1. How does written authorization differ from informed consent?

    Informed consent is specified by required elements that ensure that the subject understands the nature of the research and its risks and potential benefits and agrees to participate in research. A subject's written Authorization is for the use and disclosure of protected health information in the course of research that are not otherwise permitted under the Privacy Rule. An authorization specifies a a set of core elements, including a description of the protected health information to be used and disclosed, the person authorized to make the use or disclosure, the person to whom the covered entity may make the disclosure, an expiration date, and, in some cases, the purpose for which the information may be used or disclosed.

  2. I am doing research in Botswana, does HIPAA apply to research performed at international sites?

    Since the research is taking place in an international setting, HIPAA authorization is not required from study participants. However, HIPAA protections apply to the use and collection of PHI by agents of the University of Pennsylvania and the Children's Hospital of Philadelphia as part of this research. This means that as an investigator, you are obligated to treat the data to the same protections as if it were collected from subjects at CHOP.

  3. Can I review my own office records to plan for a new study without IRB approval?

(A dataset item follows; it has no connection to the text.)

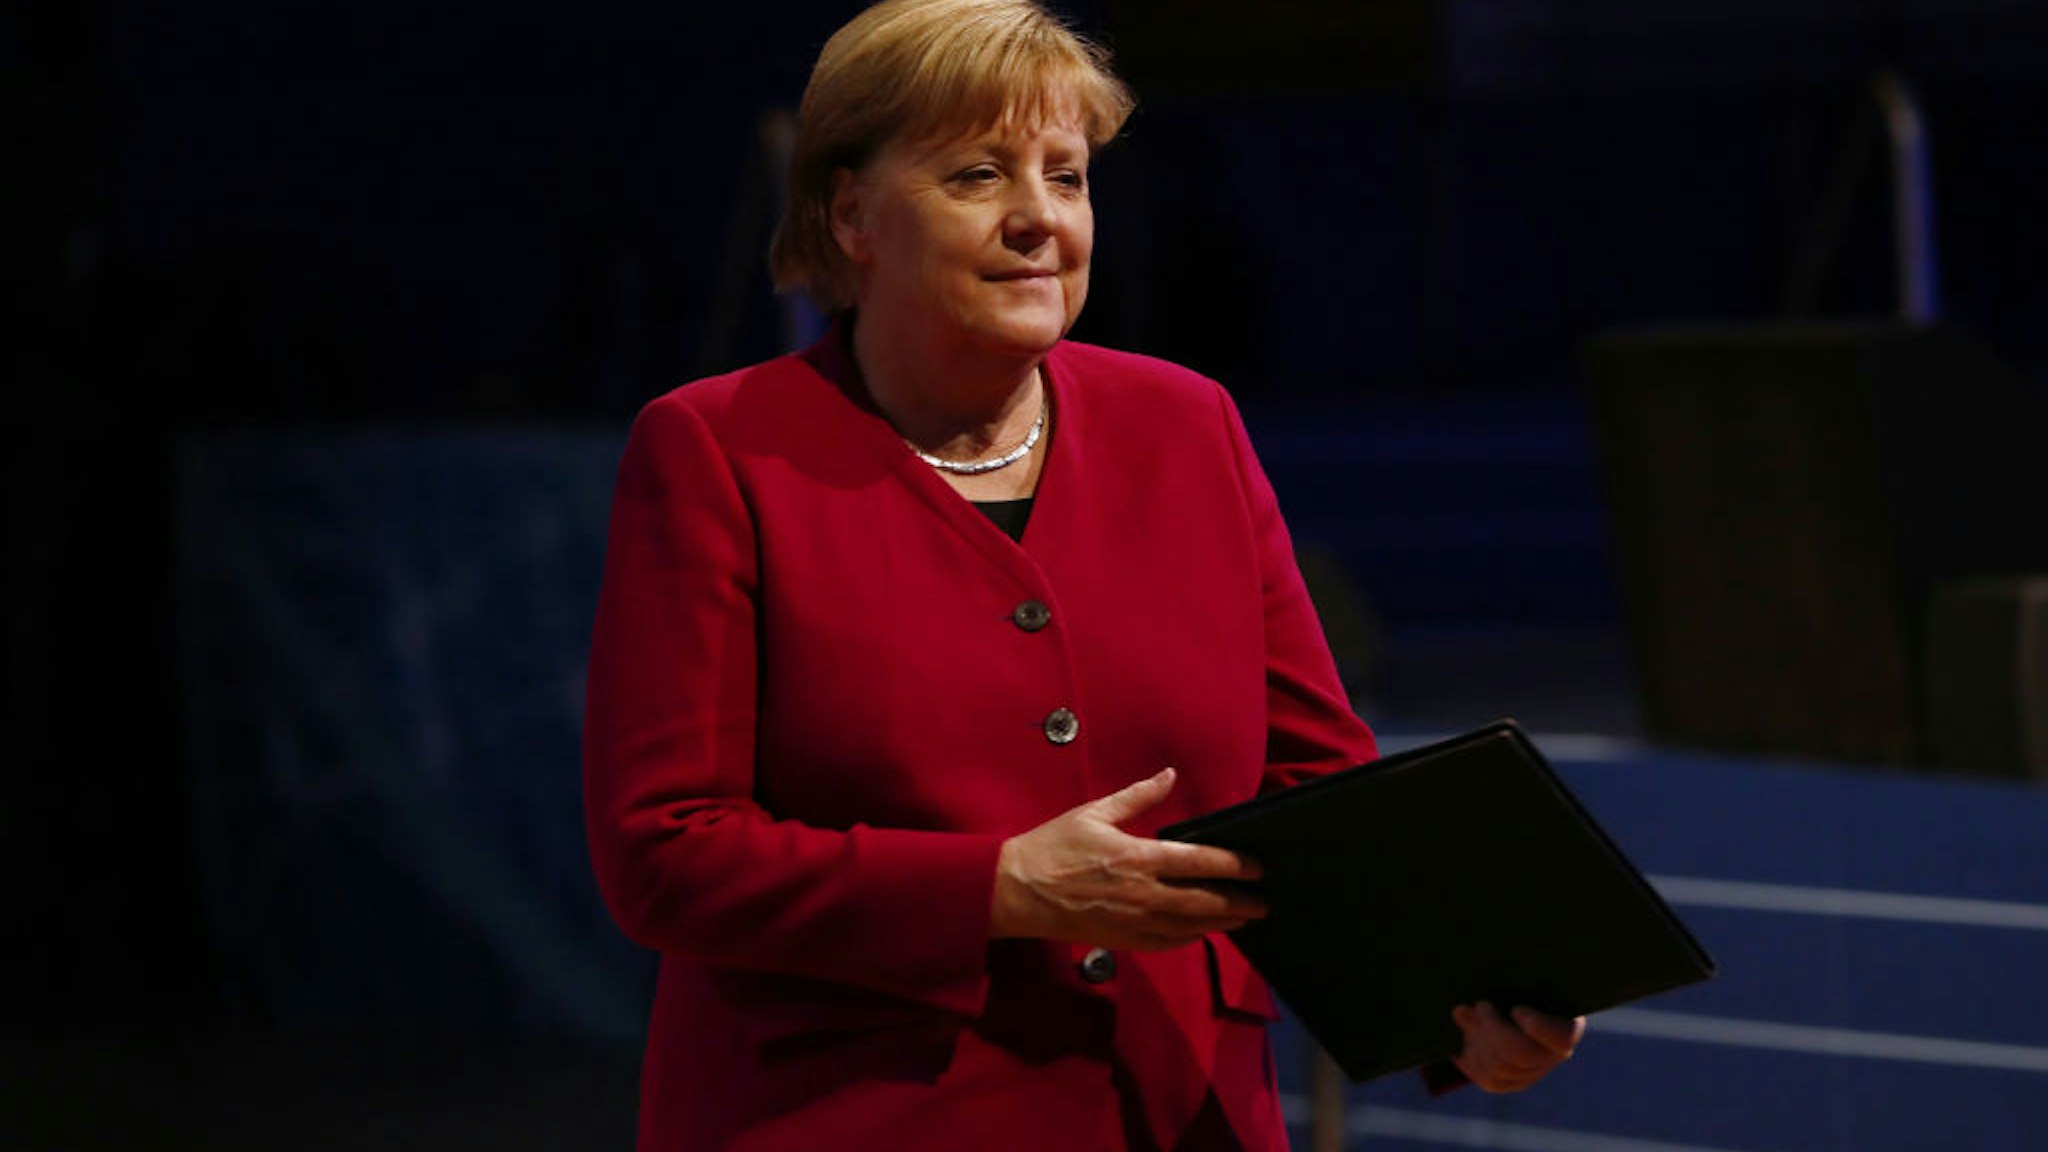 German Chancellor Angela Merkel arrives to speak at the opening of the Internet Governance Forum on November 26, 2019 in Berlin, Germany.

    You can not use, view, or record PHI without doing one of the following three things:

    1. a Written Authorization; or
    2. IRB Waiver of Written Authorization; or
    3. submitting a certification to the IRB for Work preparatory to Research.

    The IRB will acknowledge the certification after it is submitted but does not approve the submission.

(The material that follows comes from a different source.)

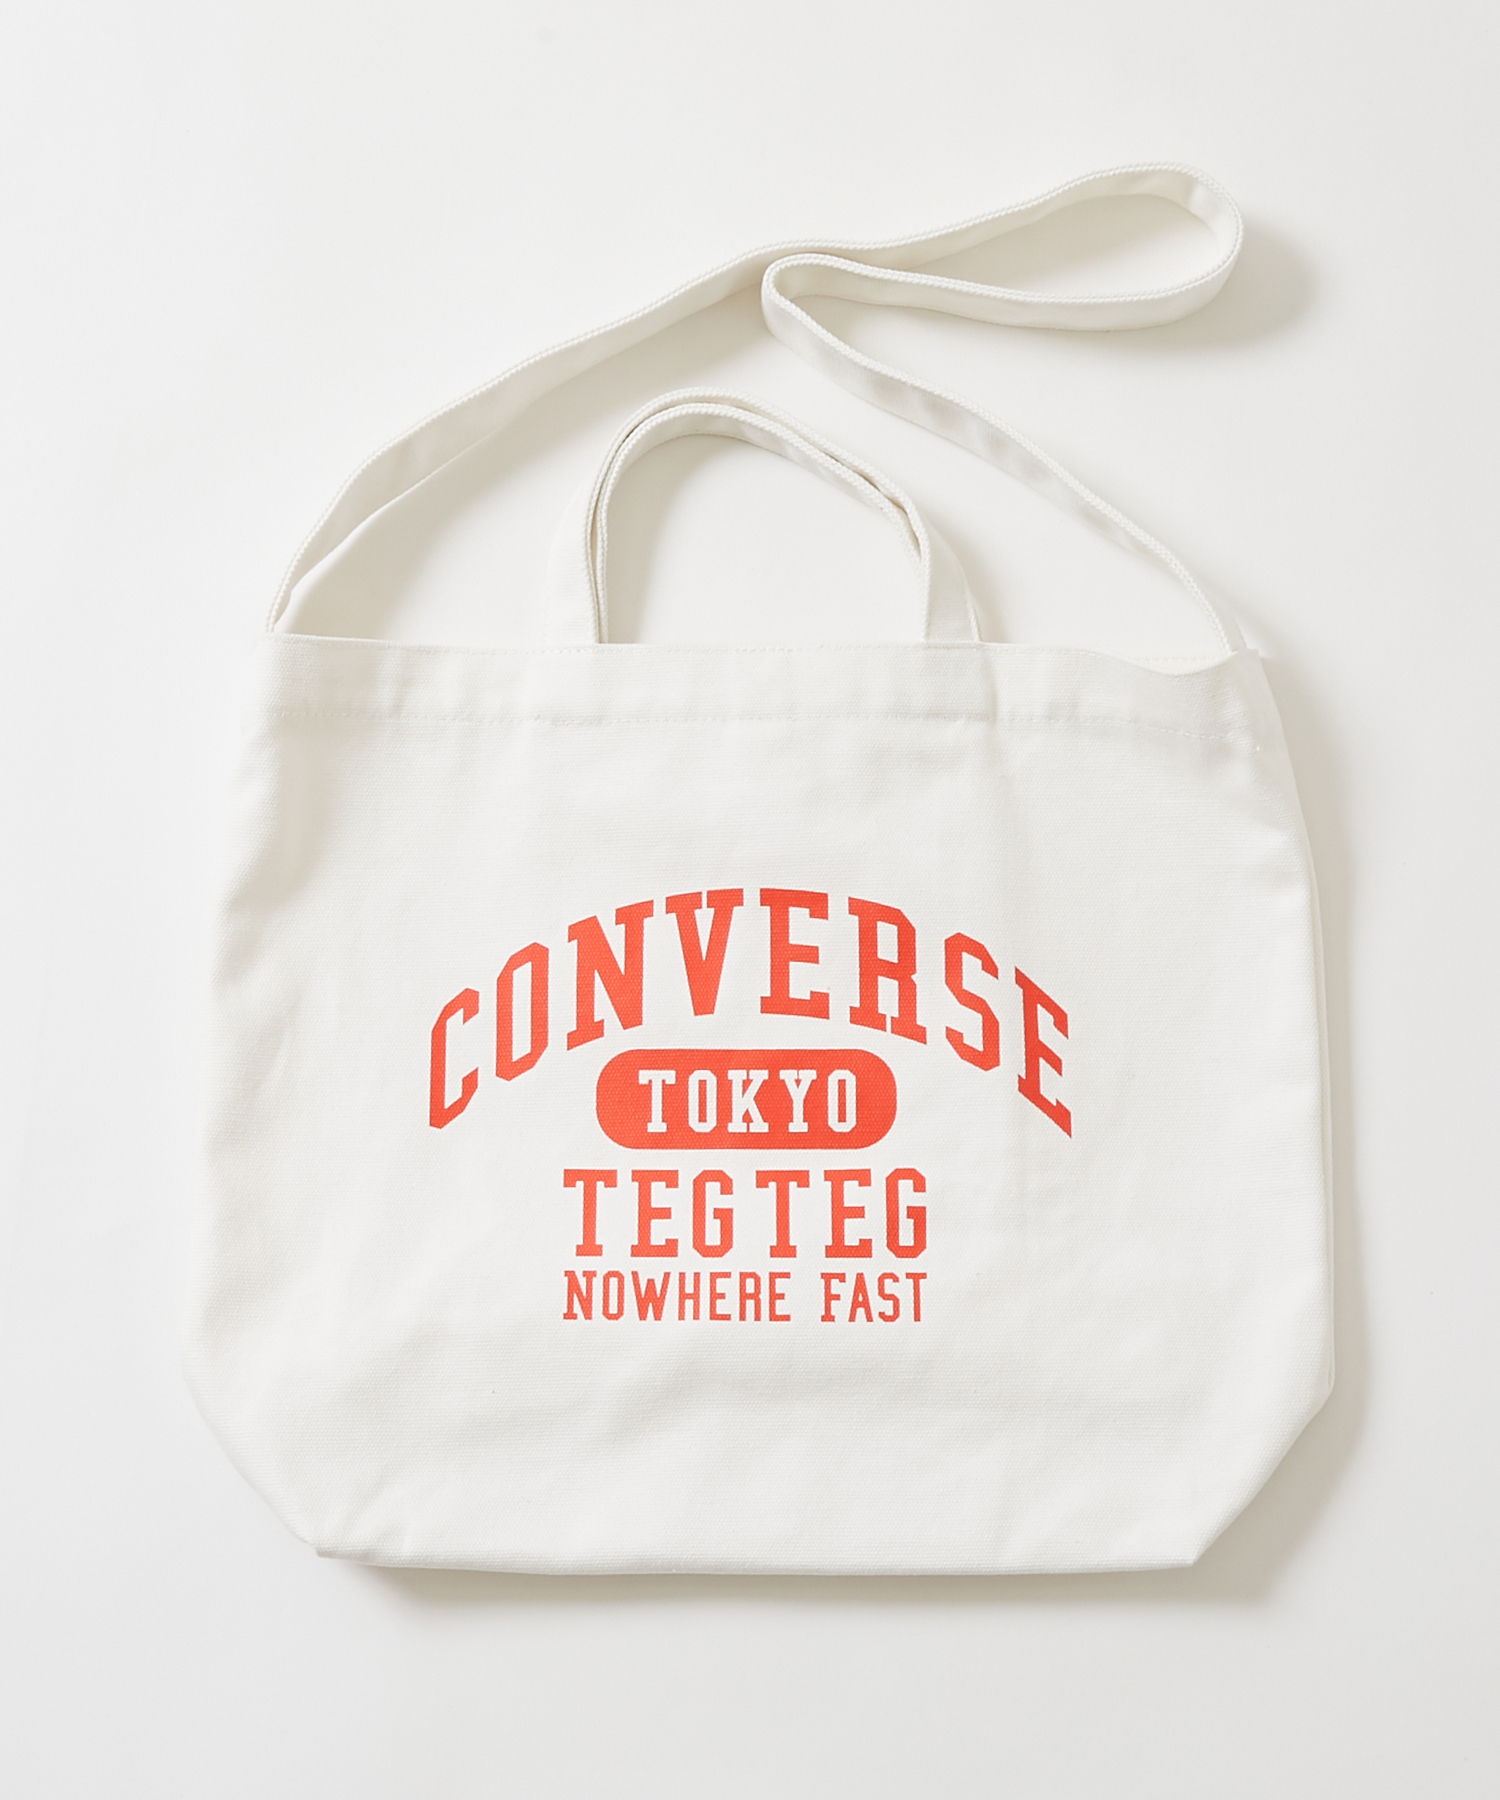 Teg Teg Converse Tokyo バッグトートバッグ Converse Tokyo コンバーストウキョウ 公式オンラインストア

    If the review of records does not involve use of PHI then it can proceed without IRB approval or submission of a Work Preparatory to Research certification. For example, if a database administrator runs a report to count up the number of potential subjects with a specific medical condition between the ages of 1 and 5 years, that search would not involve use of PHI by the investigator. The report would simply provide a summary of the number of potential subjects. If PHI is viewed, recorded or used in any way, the investigator must submit a Work Preparatory to Research certification before doing the work.

  4. I am submitting a Work Preparatory to Research certification so that I can review my records to identify how many potential subjects are in my clinic. What information, if anything can I retain when I'm done?

    You must limit the data collected to the minimum necessary to meet the objectives of the Work Preparatory to Research (e.g., establish feasibility, plan the study, identify potentially eligible subjects, etc.). You may not collect study data but you may retain names and contact information to be used, after the study is approved by the IRB, for recruitment purposes.

  5. Do I need to submit the Work Preparatory to Research form as part of my IRB submission for my protocol?

    Work preparatory to research is submitted when the investigator is planning research or not sure if its feasible. There is no need for this form when an actual protocol will be submitted to the IRB.

  6. Do I need to obtain consent and HIPAA authorization to do study recruitment?

    It depends.

    If recruitment is limited to review of existing medical records as part of an IRB-approved protocol, then this is considered a component of health care operations and there is no need to request a waiver of consent or HIPAA for this activity. The subjects will have an opportunity, at the time they are approached to participate, to provide informed consent and HIPAA authorization. The investigator is obligated to protect the PHI of prospective subjects just as they are obligated to protect the PHI of every patient cared for at CHOP.

    If as part of recruitment, the investigator intends to ask prospective subjects questions to determine whether or not they are eligible for the study, these questions are are considered part of the research. Consent must be obtained before asking the questions and if personally identifiable health information is involved, HIPAA authorization must also be obtained. This activity requires IRB approval, consent and HIPAA Authorization.

  7. There are decedents whose records will be included amongst those in the study; do we need to file the Decedents HIPAA form?

    The Decedents form is only for research that will be exclusively limited to decedents. The form provides a means for the investigator to attest to their intent to adhere to the requirements of HIPAA related to the use of decedents PHI. The IRB receives the investigators certification and checks it for appropriateness; it does not issue an approval. The investigator will receive the IRB's acknowledgment of receipt.